The central bank of Israel is forecasting an increase in the country’s debt-to-GDP ratio due to the costs of military conflict and compensation spending, along with the financial impact of the COVID-19 pandemic. The debt-to-GDP ratio is expected to rise from 60.5% in 2022 to 62% in 2023, and further to 65% in 2024, according to the bank’s estimates.

This projection comes amid concerns over the budget deficit for 2023 and 2024, which the central bank anticipates will be 2.3% and 3.5% of GDP respectively. These figures contrast starkly with a surplus recorded in 2022. The shift is attributed to ongoing conflict in Gaza, with costs related to military needs and compensating citizens impacted by Hamas’ deadliest attack yet undetermined.

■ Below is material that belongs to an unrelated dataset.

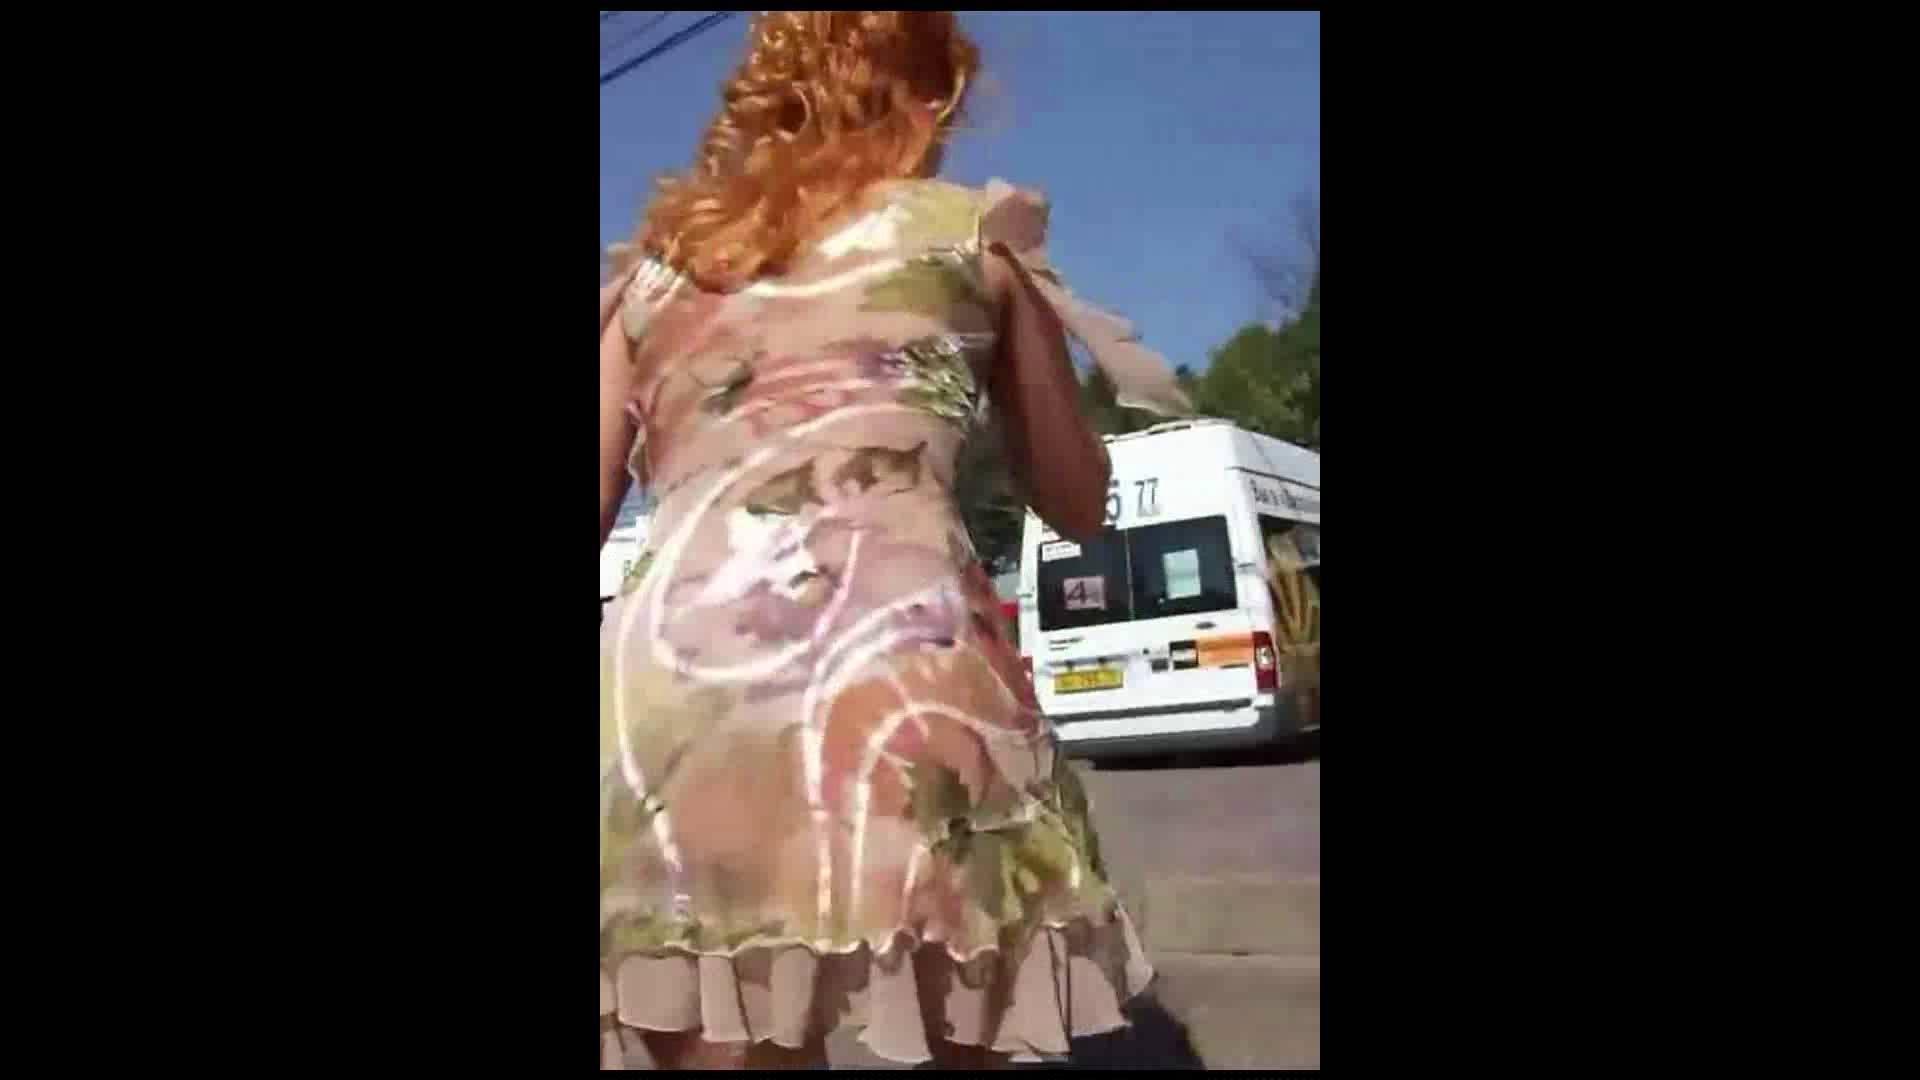 綺麗なモデルさんのスカート捲っちゃおう‼vol03 お姉さんのエロ動画 | 0  101PIX 63

An official from the Accountant General’s department has questioned these estimates, suggesting that they may be optimistic when compared to the $49 billion spent on COVID measures. In response to these concerns, Finance Minister Bezalel Smotrich affirmed the government’s commitment to necessary war and compensation spending.

In addition to war-related expenses, Israel’s economy has been grappling with the effects of the COVID-19 pandemic. In 2020, COVID-driven spending led to a budget deficit of nearly 12% of GDP and a debt-to-GDP ratio of 72%. Despite this, Israel experienced a robust recovery from the economic slowdown induced by the pandemic.

Bank of Israel Governor Amir Yaron emphasized the need for responsible fiscal policy moving forward. He pointed out that while Israel had a relatively low budget deficit before the war and a long-term debt portfolio, it will need to raise more debt to accommodate these unforeseen expenses.